> [EXTRACTED ENTRIES]:
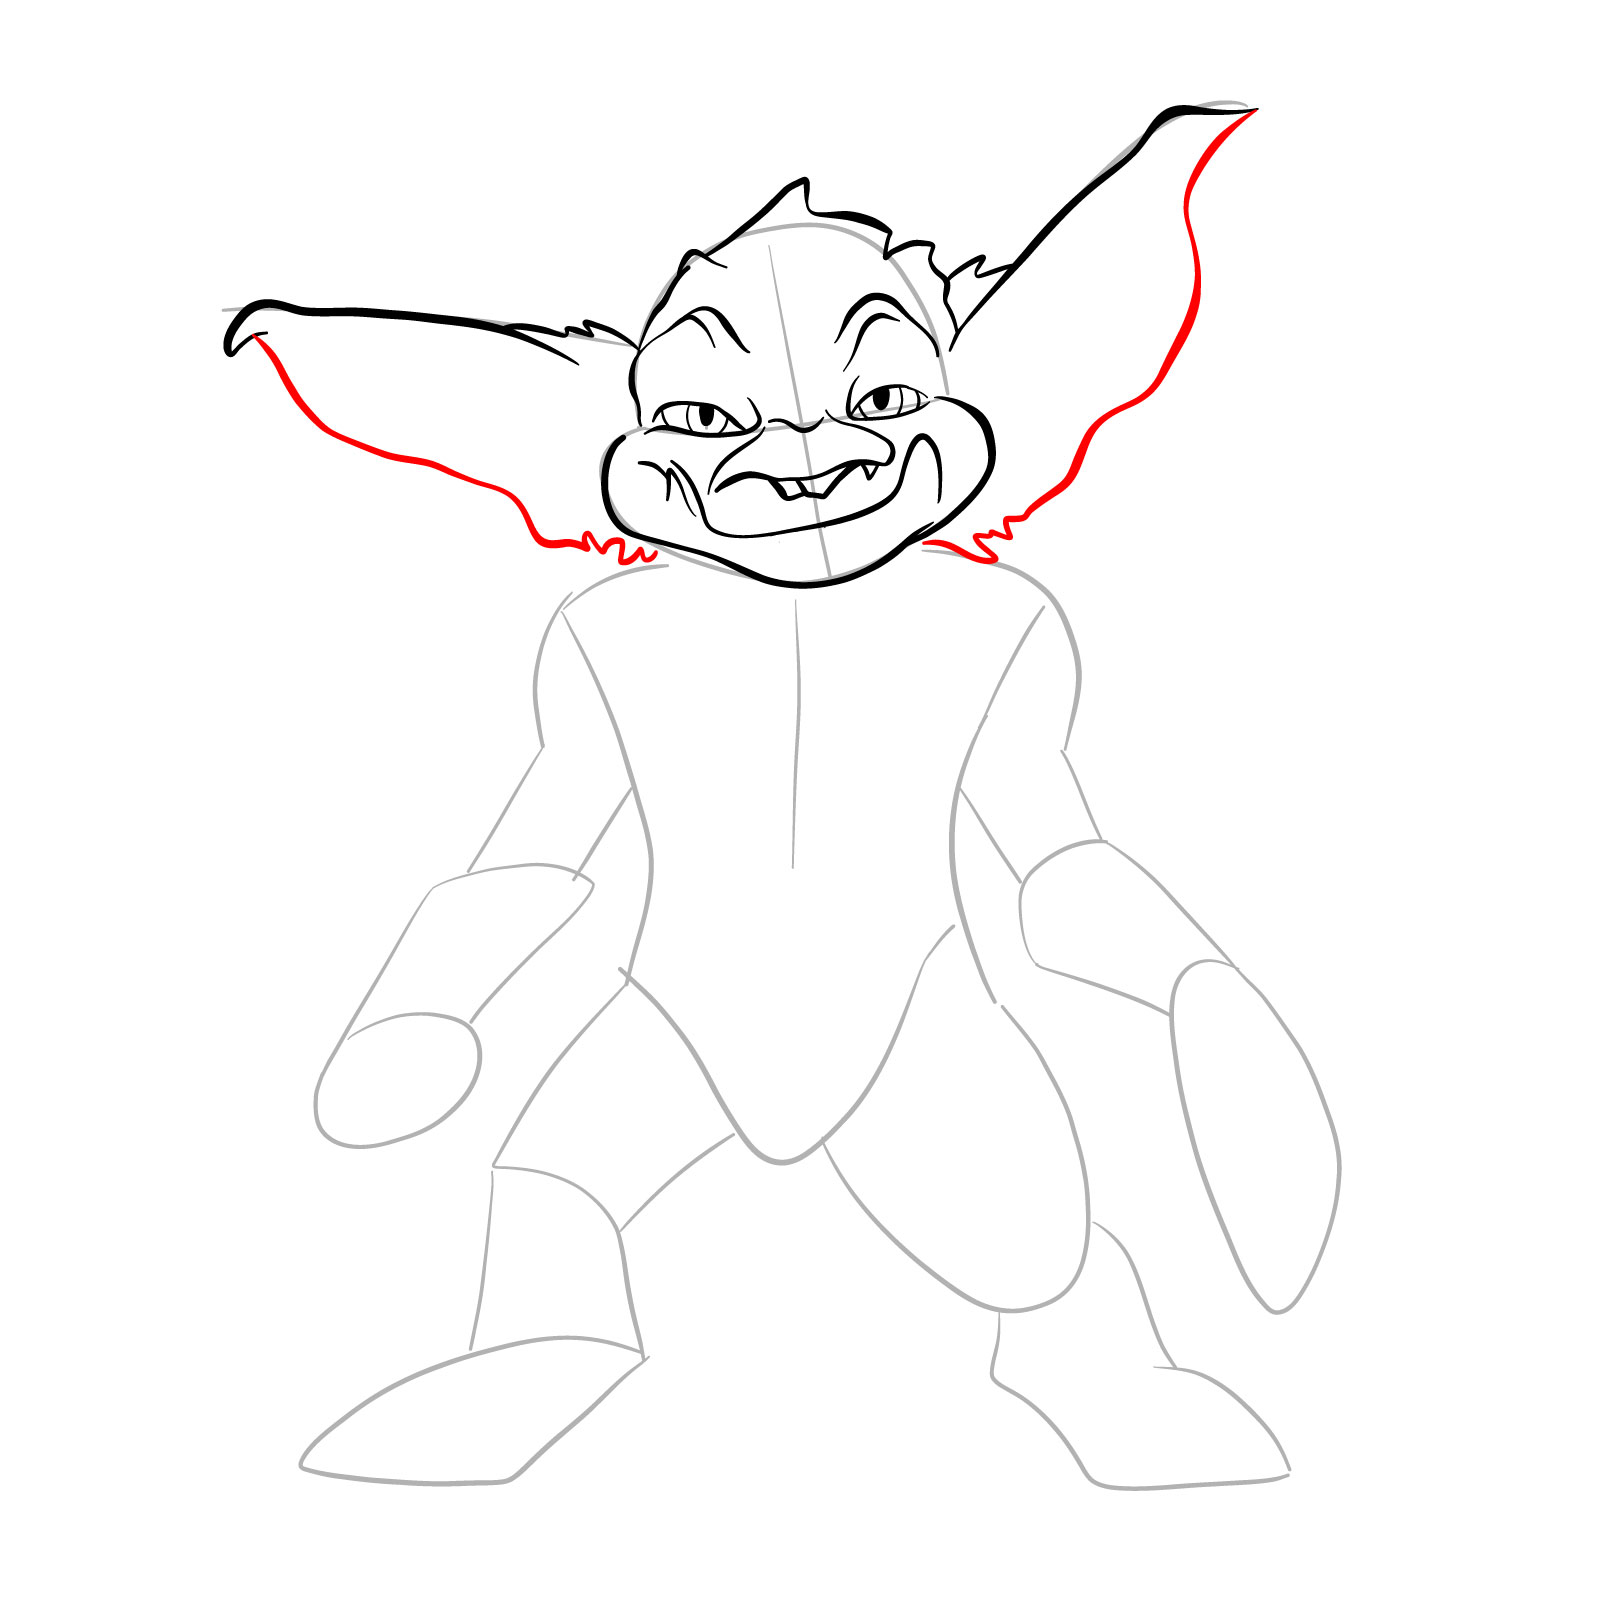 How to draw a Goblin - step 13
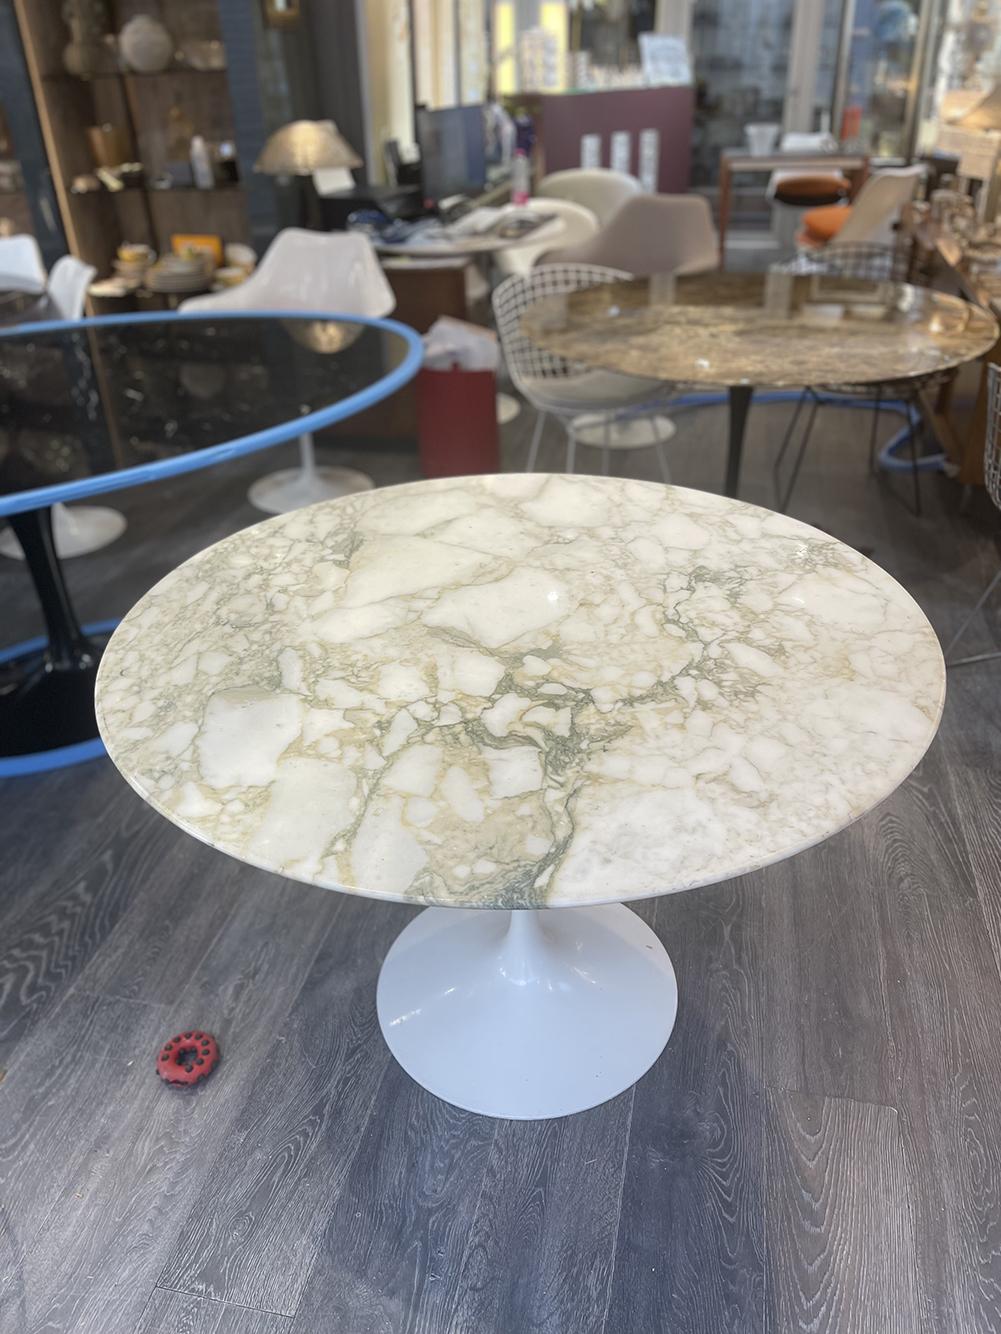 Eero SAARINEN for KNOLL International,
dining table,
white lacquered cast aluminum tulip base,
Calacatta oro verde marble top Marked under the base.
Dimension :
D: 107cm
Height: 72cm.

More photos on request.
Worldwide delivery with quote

> [WHAT TO DO]:
All lines from the one holding "Eero SAARINEN for" through the last line of the material above should be set down exactly, and the pictures should be left out.

> [FINISHED TASK]:
 Eero SAARINEN for KNOLL International,
dining table,
white lacquered cast aluminum tulip base,
Calacatta oro verde marble top Marked under the base.
Dimension :
D: 107cm
Height: 72cm.

More photos on request.
Worldwide delivery with quote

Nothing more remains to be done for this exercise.